#### RECORDS TO PROCESS

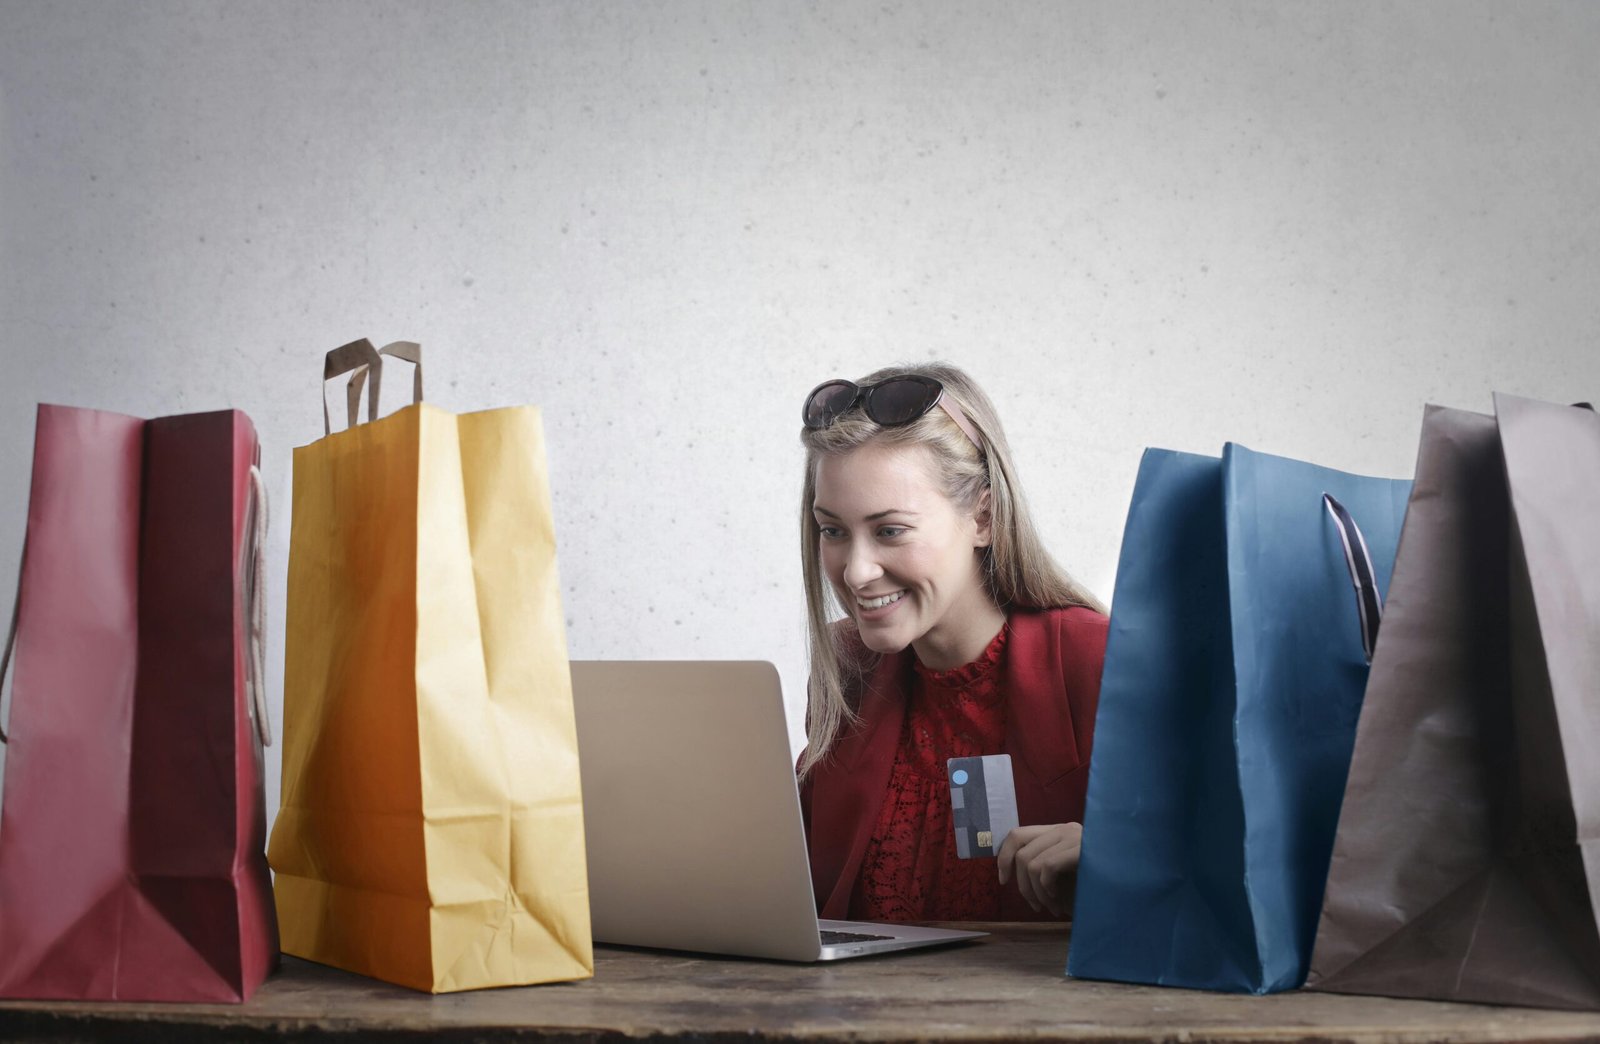 O que é E-commerce?
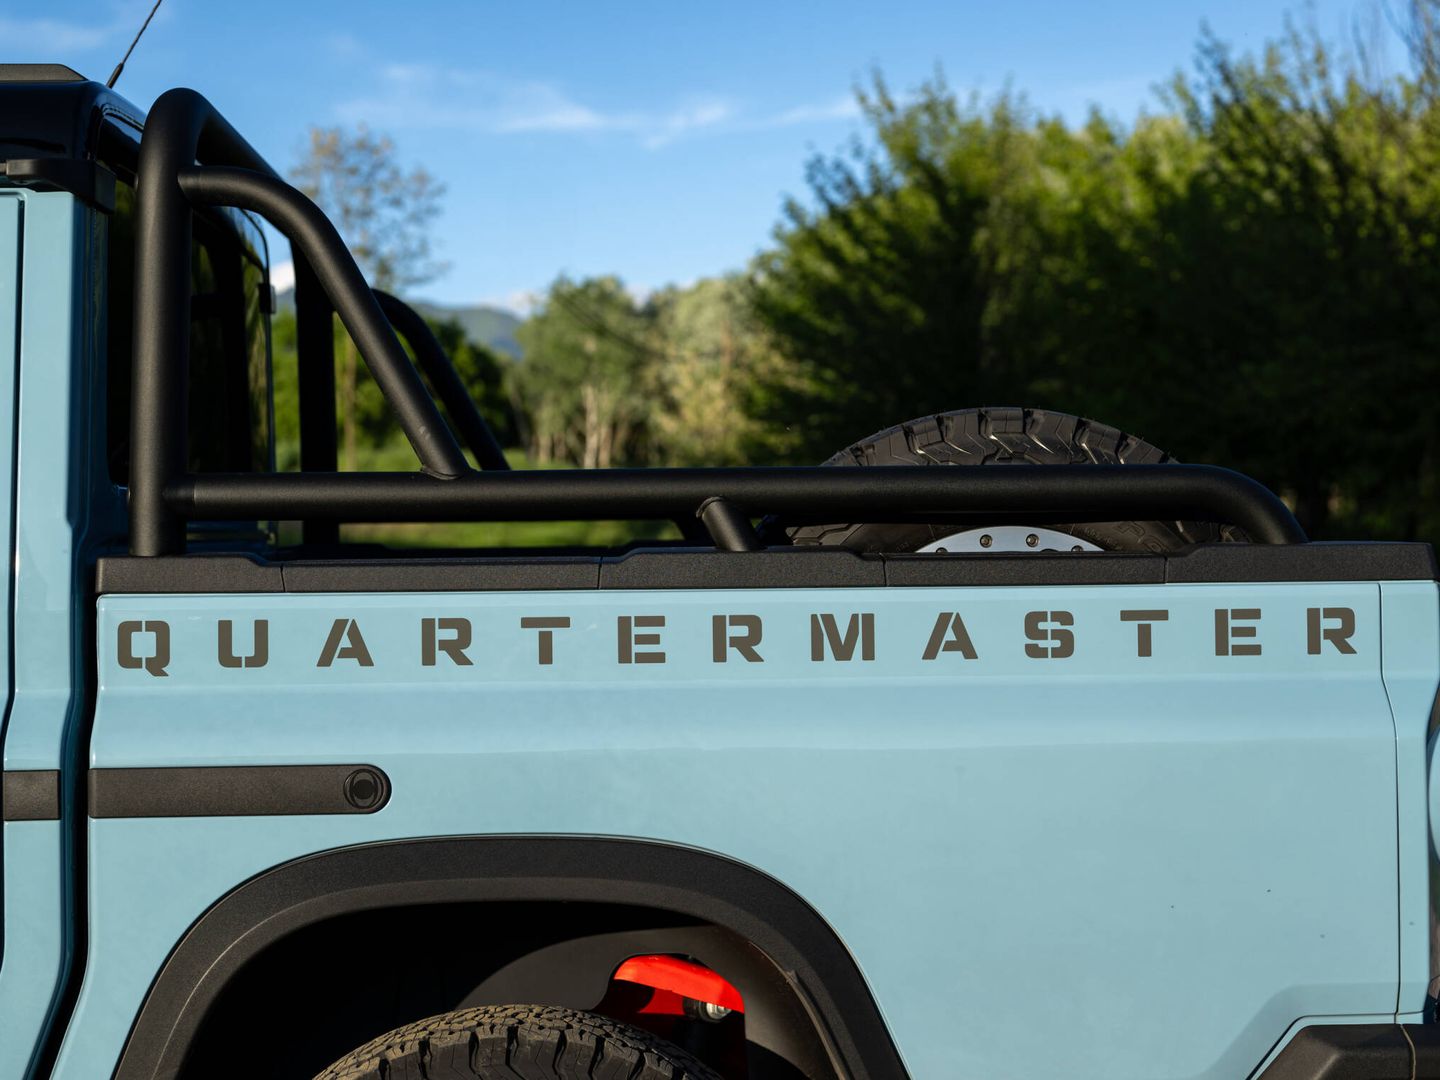 Quartermaster ya ocupa todo el largo de la caja. Y el coche se llama Grenadier Quartermaster.
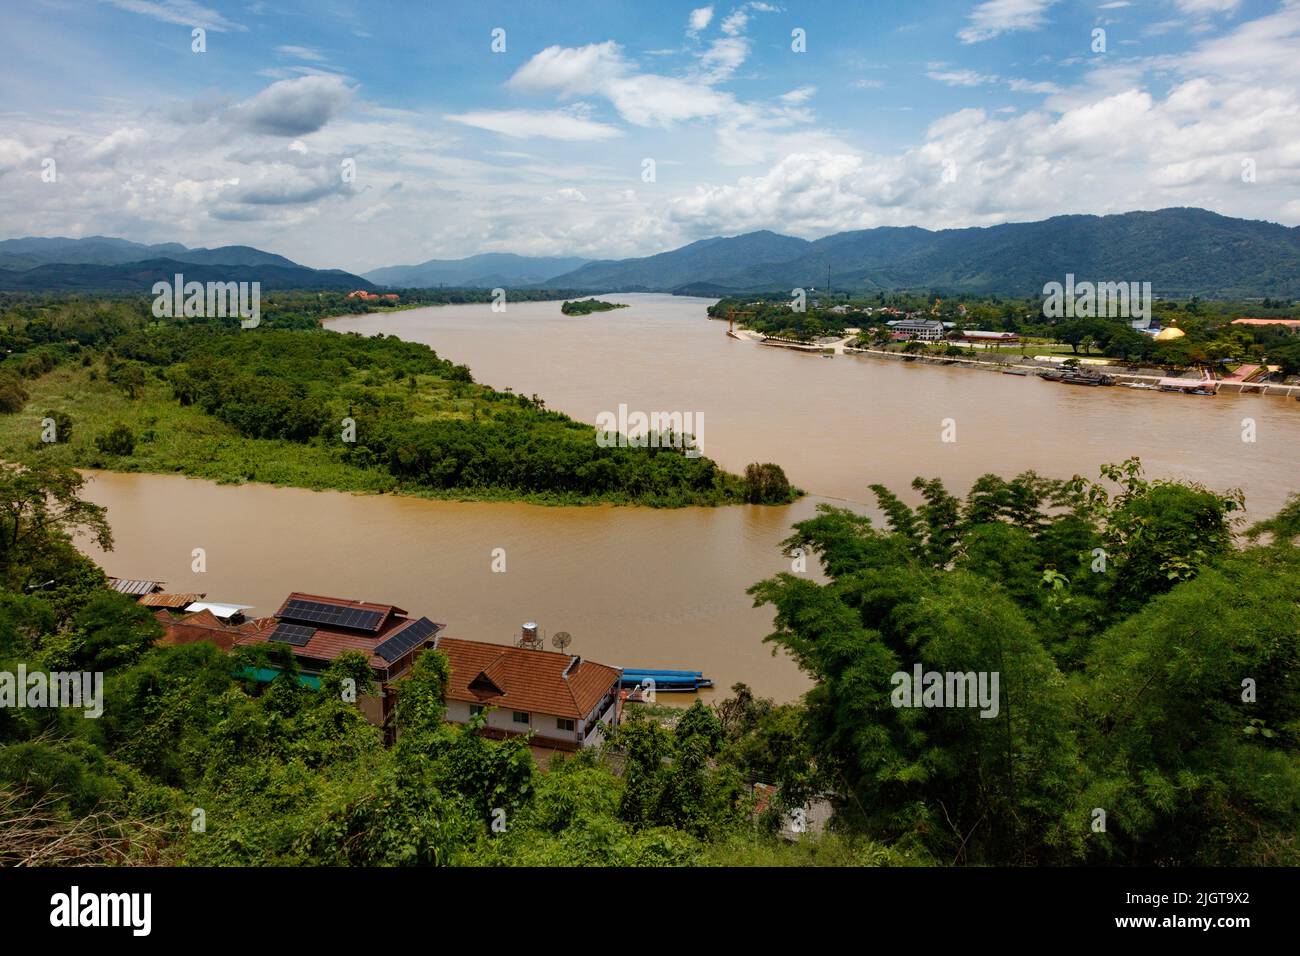 Im GOLDENEN DREIECK treffen sich Thailand, Burma und Laos am Zusammenfluss der Flüsse Mekong und Ruak - CHIANG SAEN, THAILAND Stockfoto
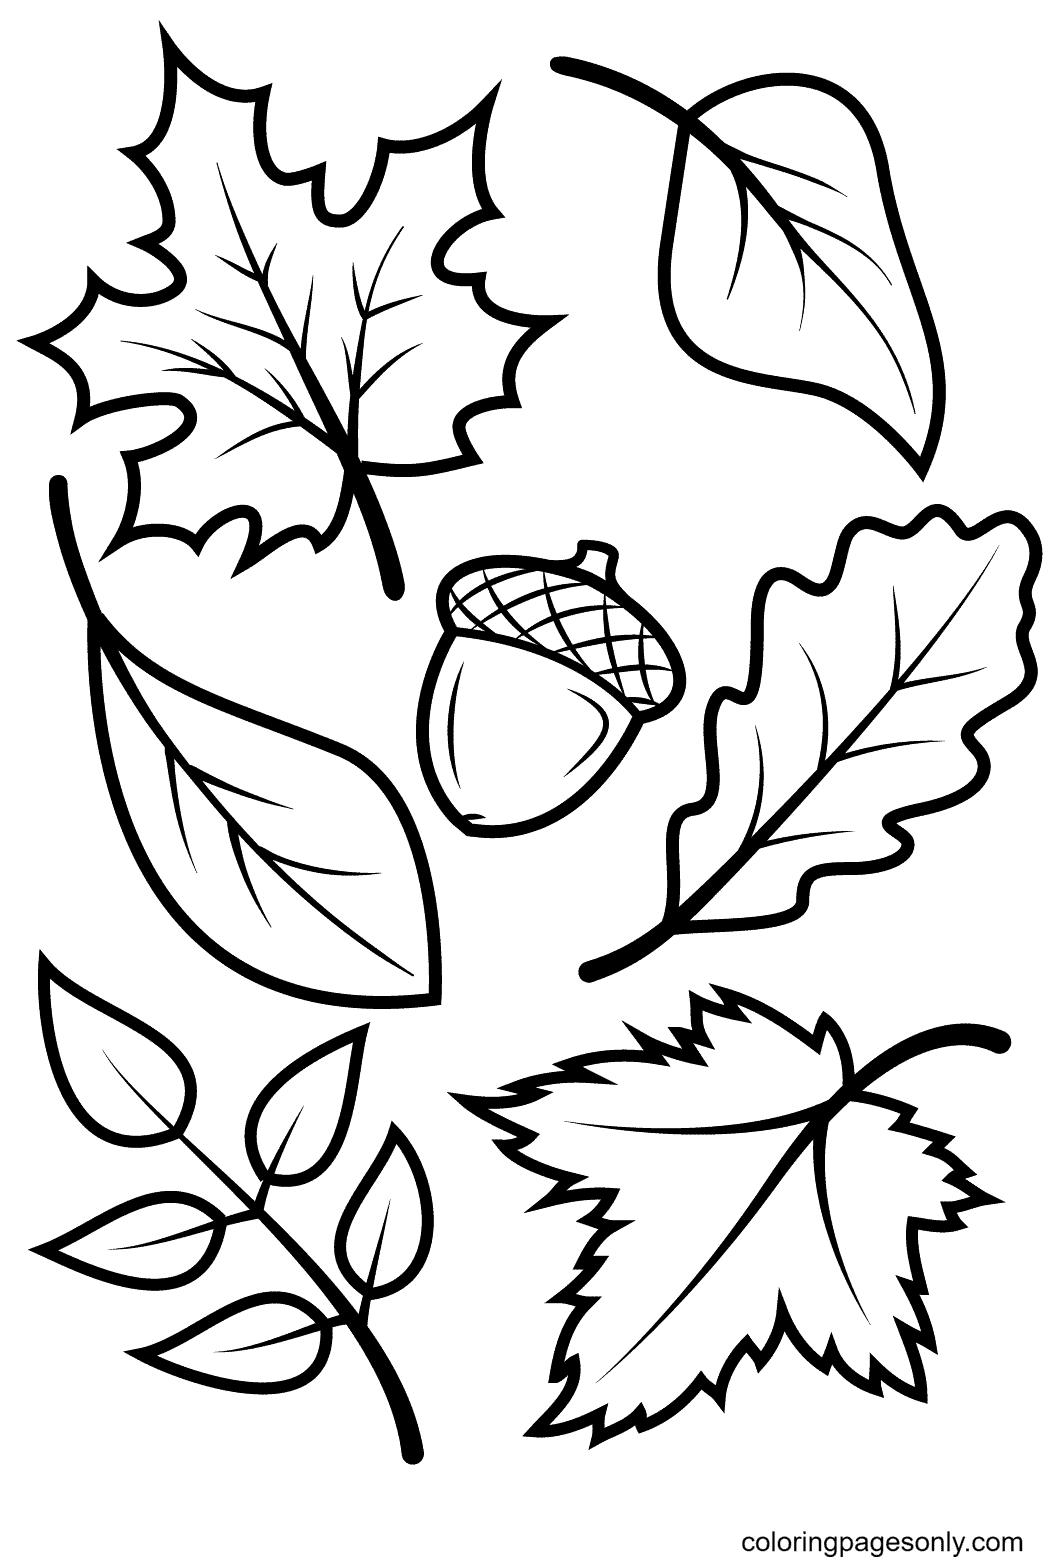 Осенние листья и желудь из осенних листьев
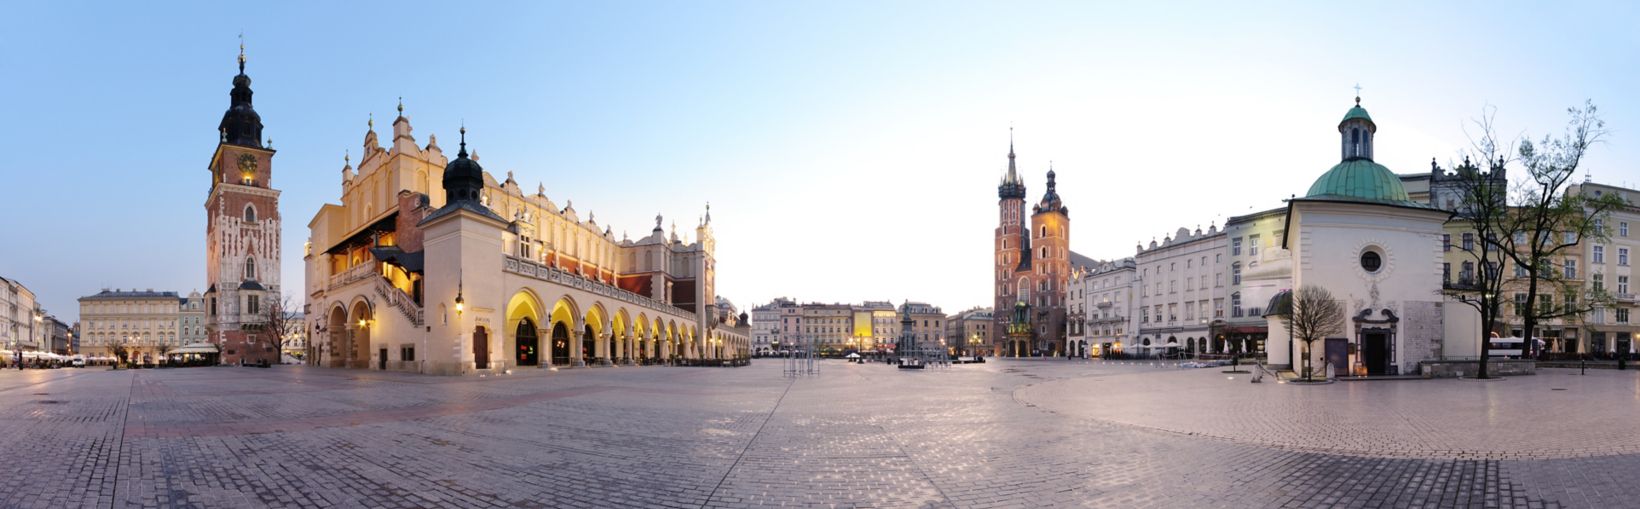 Place de la ville de Cracovie, en Pologne, à l’aube
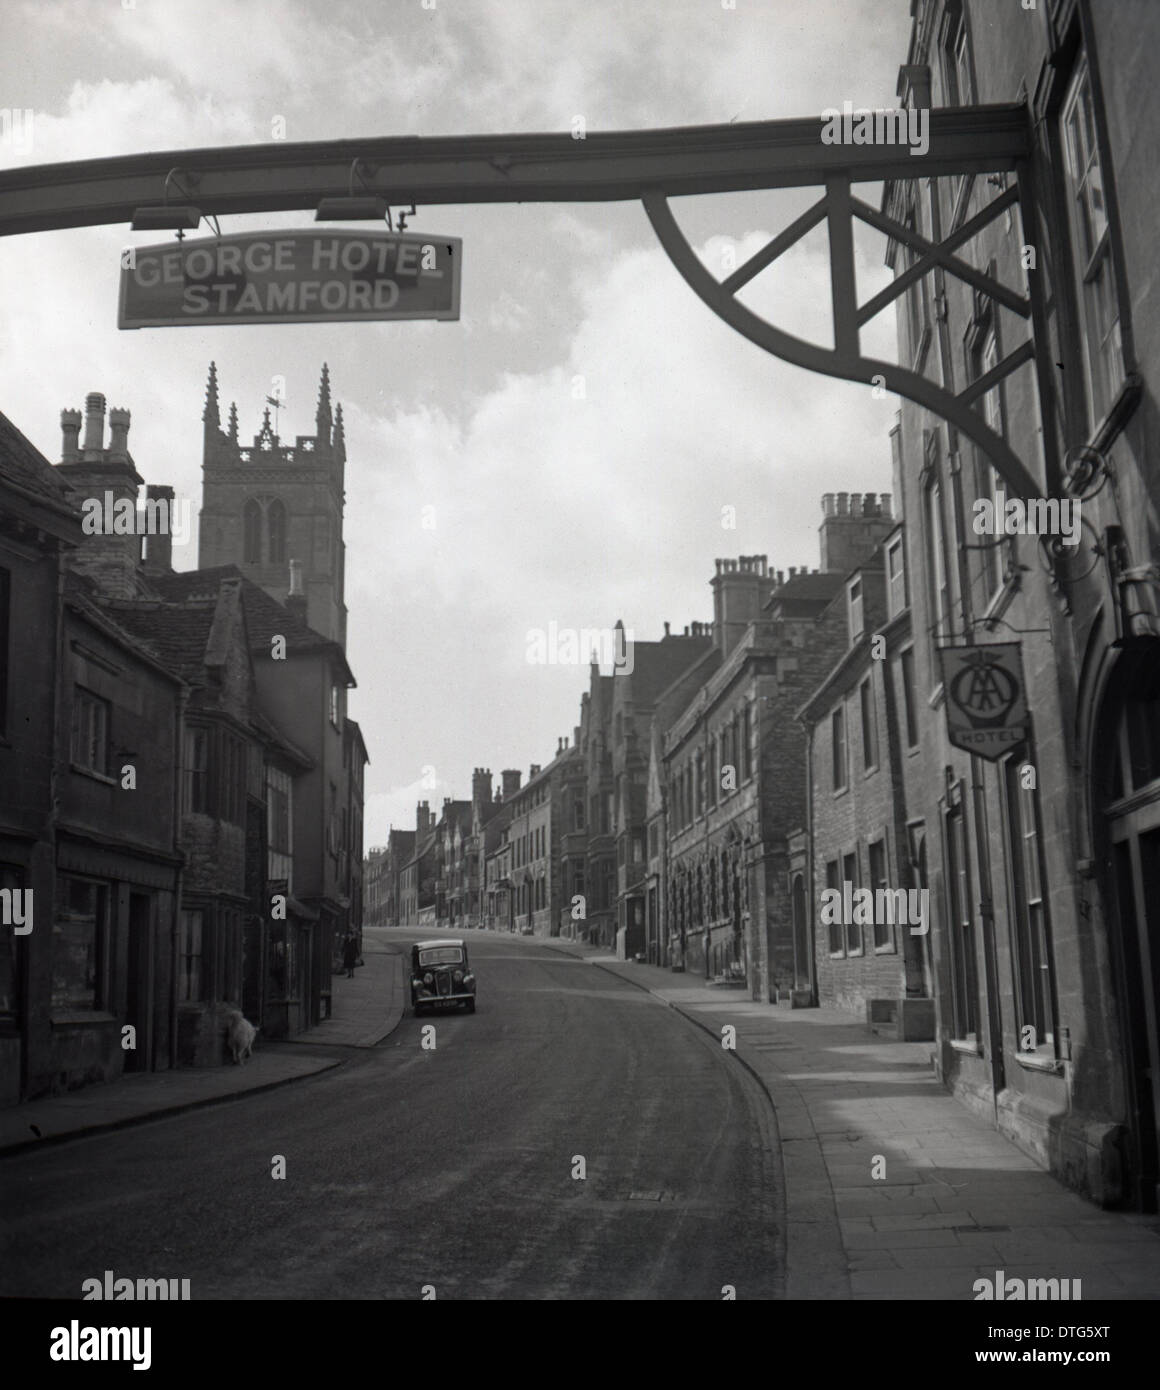 Années 1950 et un tableau historique montrant un quartier high street et un signe pour le George Hotel, Stamford, Lincolnshire. Banque D'Images

########

» **REQUIREMENT**
Write out exactly the lines from the one containing "Quartermaster ya ocupa" through the end of the records above, both included, leaving all pictures out.

» **EXERCISE SOLUTION**
 Quartermaster ya ocupa todo el largo de la caja. Y el coche se llama Grenadier Quartermaster.
 Im GOLDENEN DREIECK treffen sich Thailand, Burma und Laos am Zusammenfluss der Flüsse Mekong und Ruak - CHIANG SAEN, THAILAND Stockfoto
 Осенние листья и желудь из осенних листьев
 Place de la ville de Cracovie, en Pologne, à l’aube
 Années 1950 et un tableau historique montrant un quartier high street et un signe pour le George Hotel, Stamford, Lincolnshire. Banque D'Images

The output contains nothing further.